PROBLEM: Write out only the lines from the line that holds "Bliss Hammocks 40-inch" to the end of the listing below, inclusive, with the pictures omitted.

DATA SEGMENT:
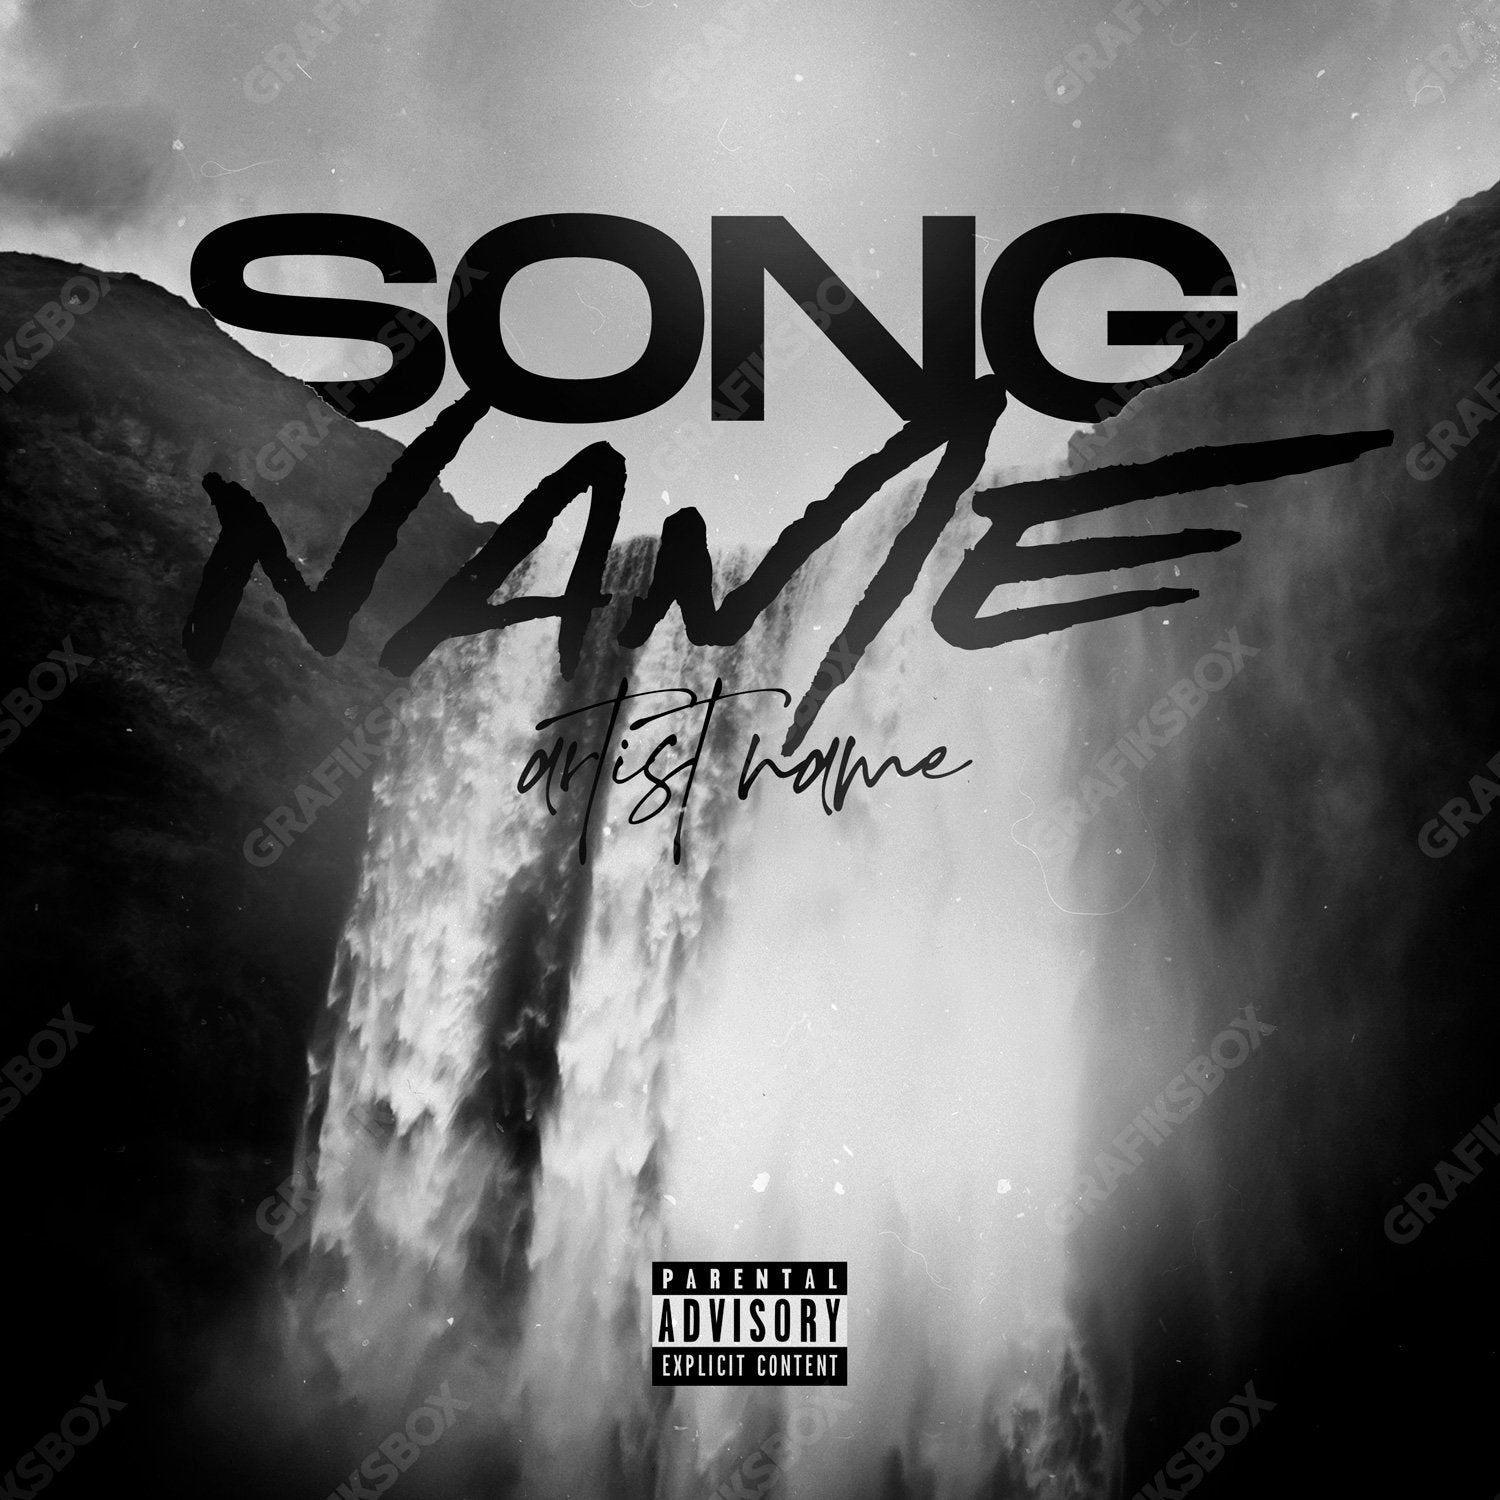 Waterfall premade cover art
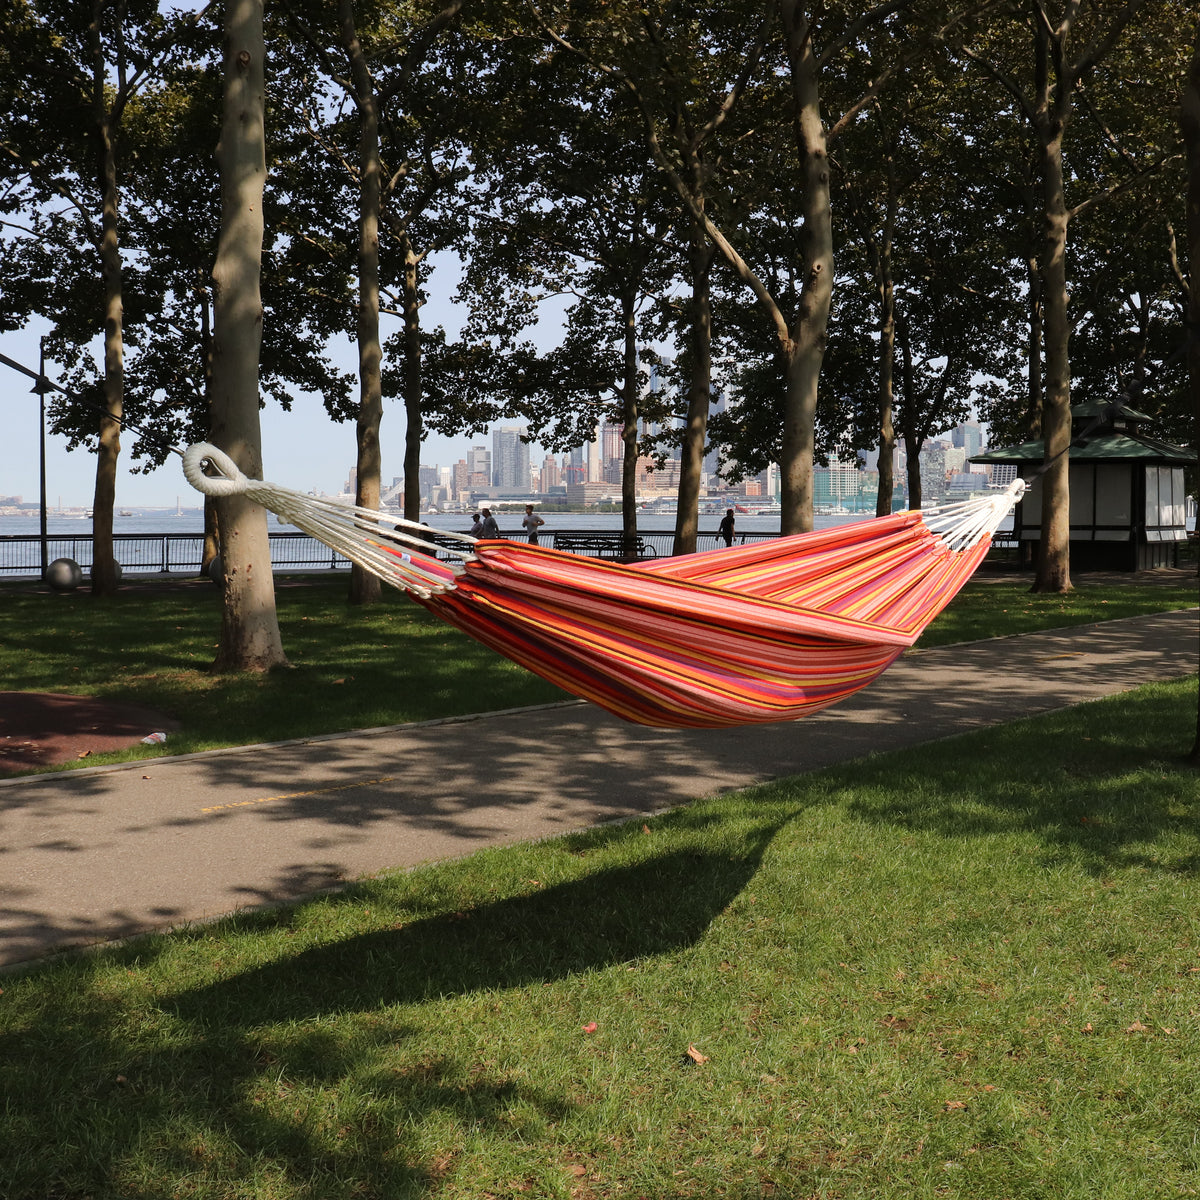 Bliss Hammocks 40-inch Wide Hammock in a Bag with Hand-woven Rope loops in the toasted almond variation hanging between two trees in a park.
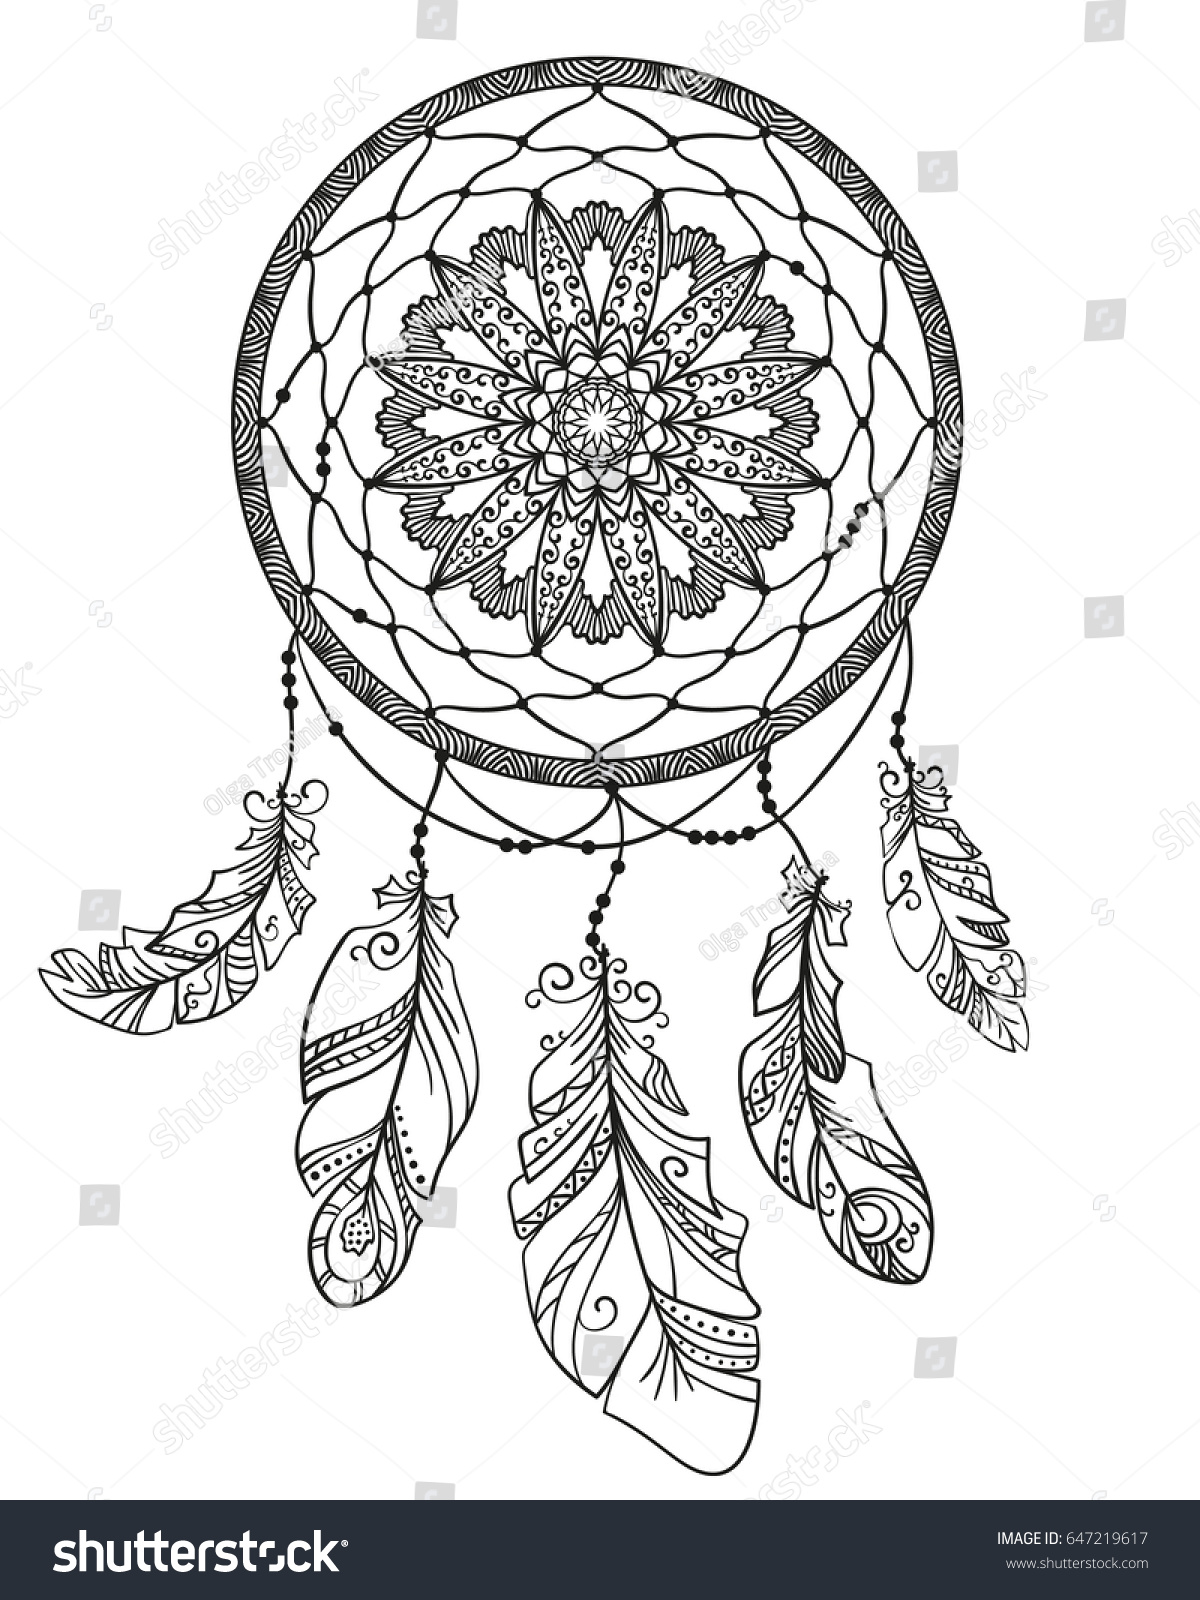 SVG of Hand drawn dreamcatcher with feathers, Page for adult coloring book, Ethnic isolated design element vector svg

RESULT OF THIS EXERCISE:
 Bliss Hammocks 40-inch Wide Hammock in a Bag with Hand-woven Rope loops in the toasted almond variation hanging between two trees in a park.
 SVG of Hand drawn dreamcatcher with feathers, Page for adult coloring book, Ethnic isolated design element vector svg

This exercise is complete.